Long-term Follow Up Interim Data Show Nplate Increased and Sustained Platelet Counts in Adult Chronic ITP Patients
Interim Phase 2 MDS Data Also Presented at ASH Annual Meeting
SAN FRANCISCO, December 08, 2008 /PRNewswire-FirstCall/ -- Amgen Inc. today released updated results from the ongoing, open-label extension study of the long-term safety and efficacy of Nplate(TM) (romiplostim) in adult patients with chronic immune thrombocytopenic purpura (ITP). Chronic ITP is a chronic and serious autoimmune disorder characterized by lower than expected platelet counts in the blood, sometimes leading to serious bleeding events. The results were presented today as an oral presentation at the 50th Annual Meeting of the American Society of Hematology (ASH Abstract # 402). Results from a study of Nplate in myelodysplastic syndromes (MDS) also were presented.
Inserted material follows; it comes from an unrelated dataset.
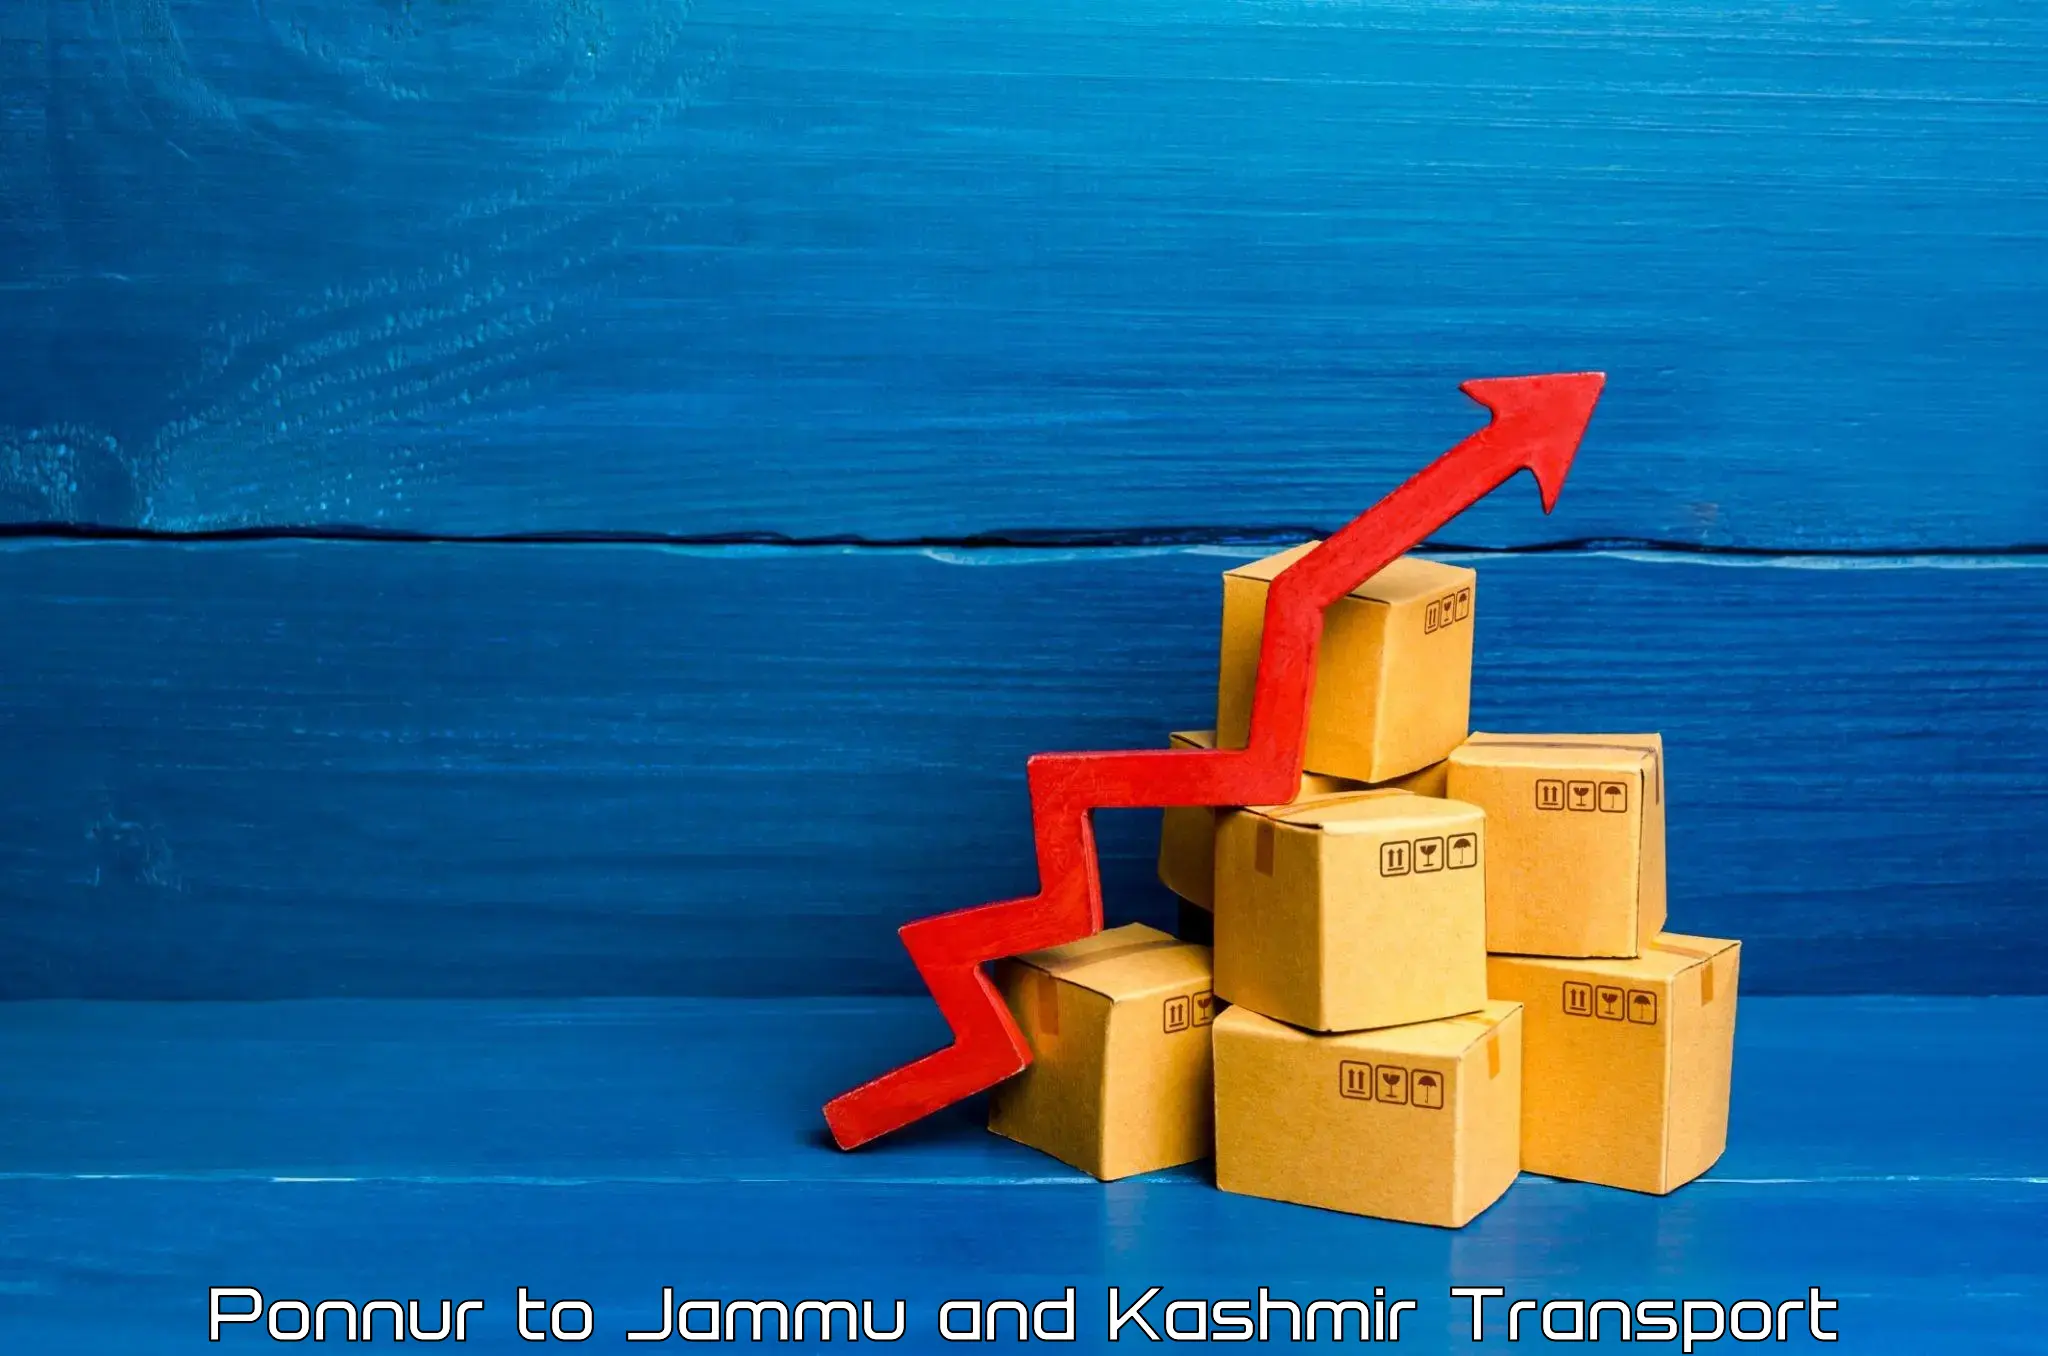 Air freight transport services in Ponnur to Srinagar Kashmir

"These data show Nplate increased platelet counts in most patients for most of the time, and clinically relevant bleeding was reduced over time," said David J. Kuter, M.D., Chief of Hematology, Massachusetts General Hospital, Boston. "This is significant because Nplate can be a long-term treatment for adult chronic ITP patients, who are at risk of serious bleeding events if their platelet counts drop to less than 30,000 per microliter. These patients have had limited availability to long term treatment options."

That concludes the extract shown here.